Looks like a great start ben! I will say after having done this in the versa it will be a mainstay in all of my builds from here on out...effortless bass without taking up much real estate...and hell it's pretty wild to think I just had a massive hole (in your case 2) cut in the bottom of my perfectly good (maybe new) car lol


----------



## benny z (Mar 17, 2008)

Yeah, once you play with IB it’s hard not to want it all the time. I am fortunate to get my hands on a lot of systems with every type of sub configuration you can think of and I always find IB subs to have an effortless quality to them that is unique from the others.

I titled the thread simple, but then showed an obnoxious-looking start. Let me clarify that the system will truly be simple once you get past the holes in the floor. 

The system will consist of:

- Hybrid Legatia L2SE as widebands in the factory sail panel tweeter locations
- Hybrid Unity U69 shallow 2-ohm version 6x9s in the factory door locations
- Hybrid Clarus C12SW subwoofers IB through the rear cargo floor
- Zapco ADSP-Z8 IV-8 processor/amplifier combo unit with controller under the driver’s seat
- PAC AmpPRO AP4-CH41 with S/PDIF module for factory source unit integration to the proc/amp


----------



## MoparMike (Feb 14, 2012)

And just like that, you have my attention. Couldn't bring myself to cut the metal in mine but I sure wanted to.


----------



## benny z (Mar 17, 2008)

Thanks Mike - I took a look at your build and it looks fantastic!
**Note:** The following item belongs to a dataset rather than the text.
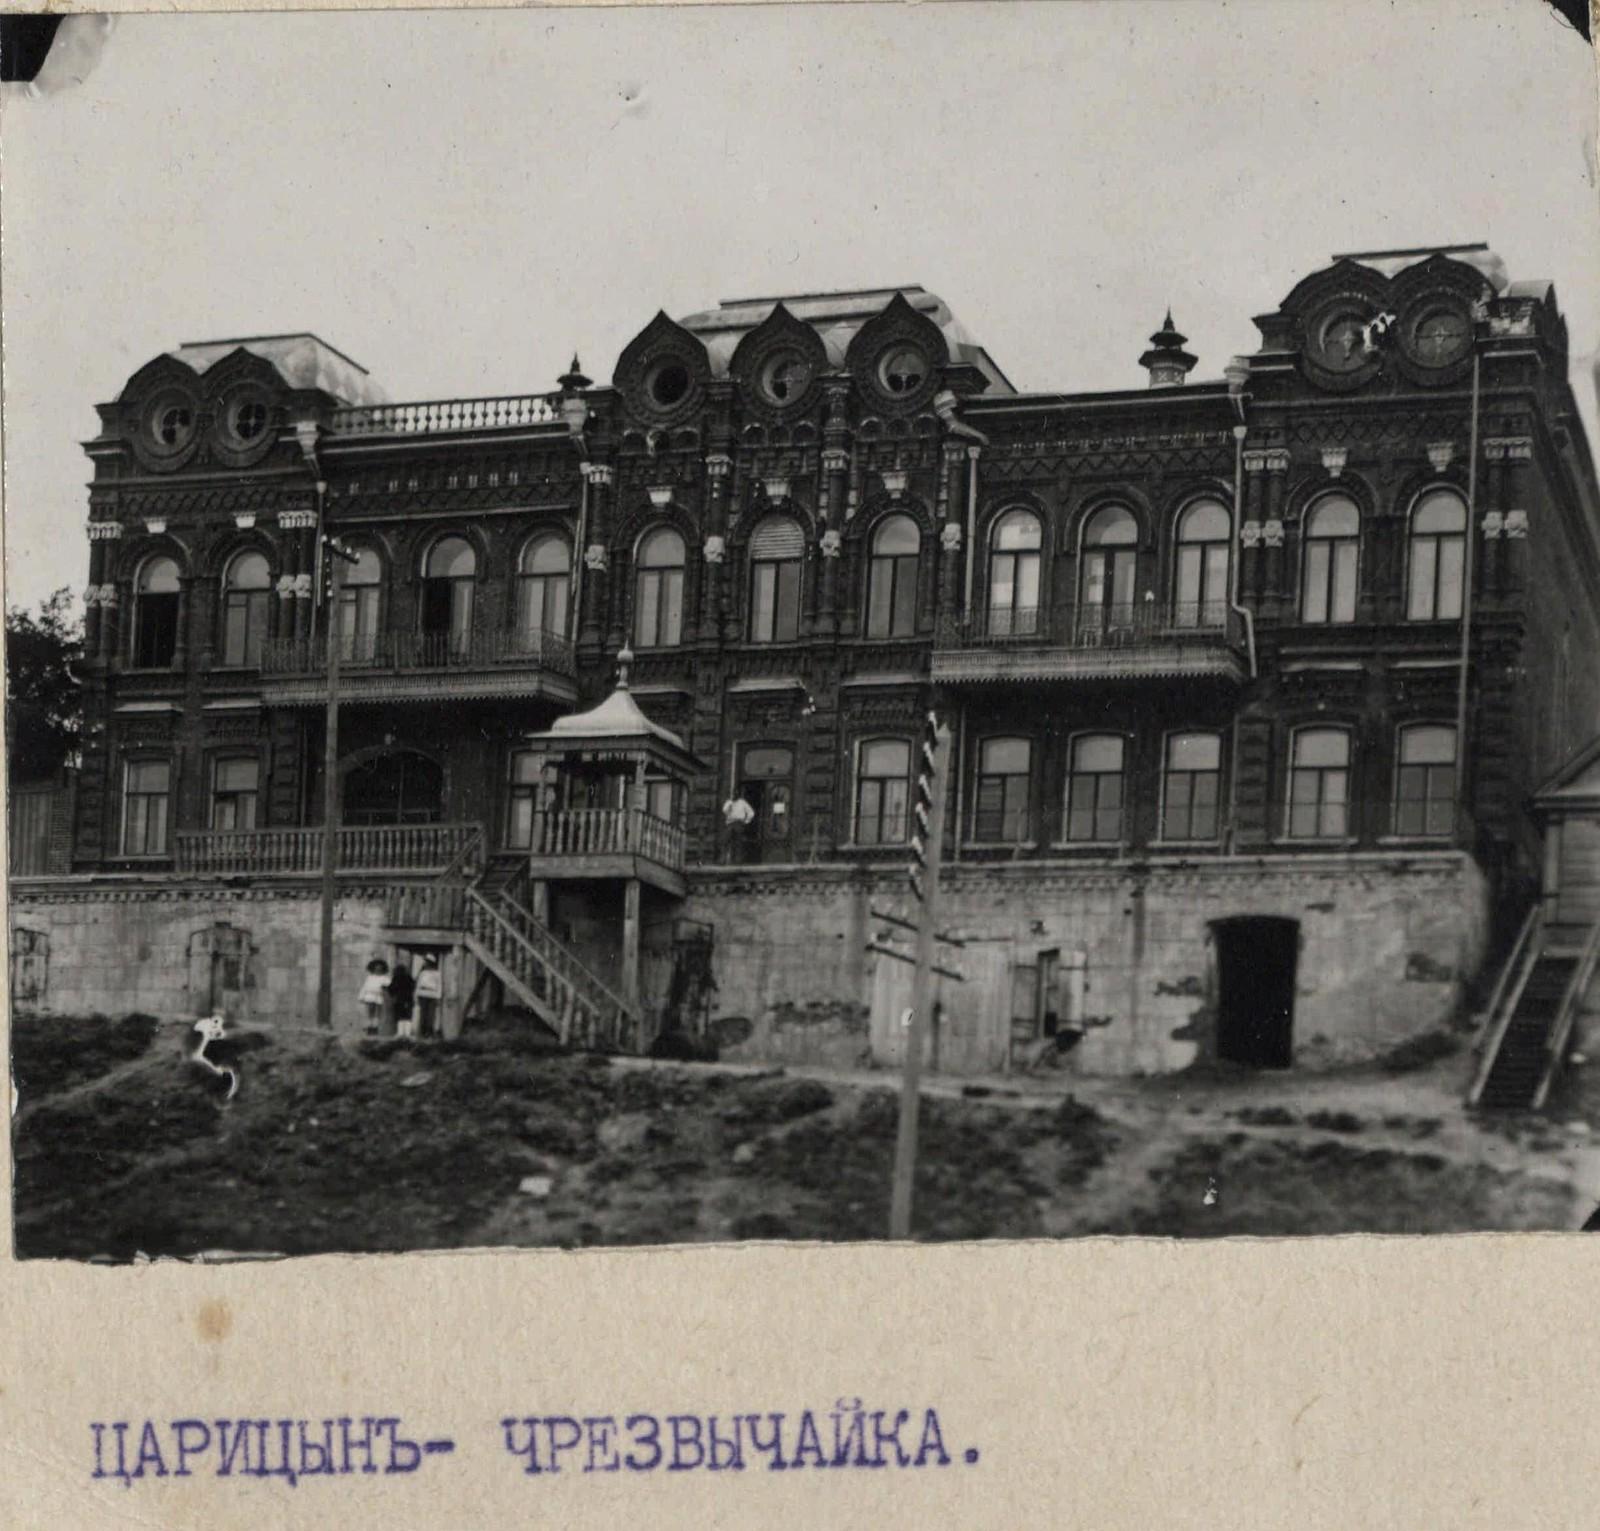 1919. Царицын. Чрезвычайка

Actually, we even have a video of your system hosted on the SQOLOGY YouTube channel:

https://youtu.be/_QUZCNFXwFg

Toby Broadfield, my installer at Mobile Audio Plus, is waiting for a fresh shipment of HDPE and today is working on the doors. I stopped in at lunch and snagged a couple of quick pics.

Door cards treated:










And another shot of the hatch with a sub sitting in place so you can see the fitment:


----------



## MoparMike (Feb 14, 2012)

I appreciate the compliment Ben. Good luck with the build. I'm sure you'll love the Durango, mine has been a great car for the both stereo and the family.


----------



## chefhow (Apr 29, 2007)

Nice work Ben.


----------



## pocket5s (Jan 6, 2012)

chefhow said:


> Nice work Ben.


reminds me of the Scion with the 13W7


----------



## brett (Apr 27, 2005)

any time i see metal being cut it gets me excited. this is gonna be cool!


----------



## chithead (Mar 19, 2008)

Cojones, son!!! You got em.


----------



## ballistic1350 (Jan 16, 2015)

Subbed to see how you tackle cleaning up the gaps between the pieces of sheet metal to prevent rust... and how how protect the sub from road debris/ water.

Very ballzy! massive props to you there


----------



## benny z (Mar 17, 2008)

I'm not positive what the product is that Toby uses to seal cut sheet metal, but it's a rubbery epoxy sealer type product. I'll be sure to post those details when that time comes. This isn't the first time they've done this and I've seen the product before, but don't know exactly what it is off hand.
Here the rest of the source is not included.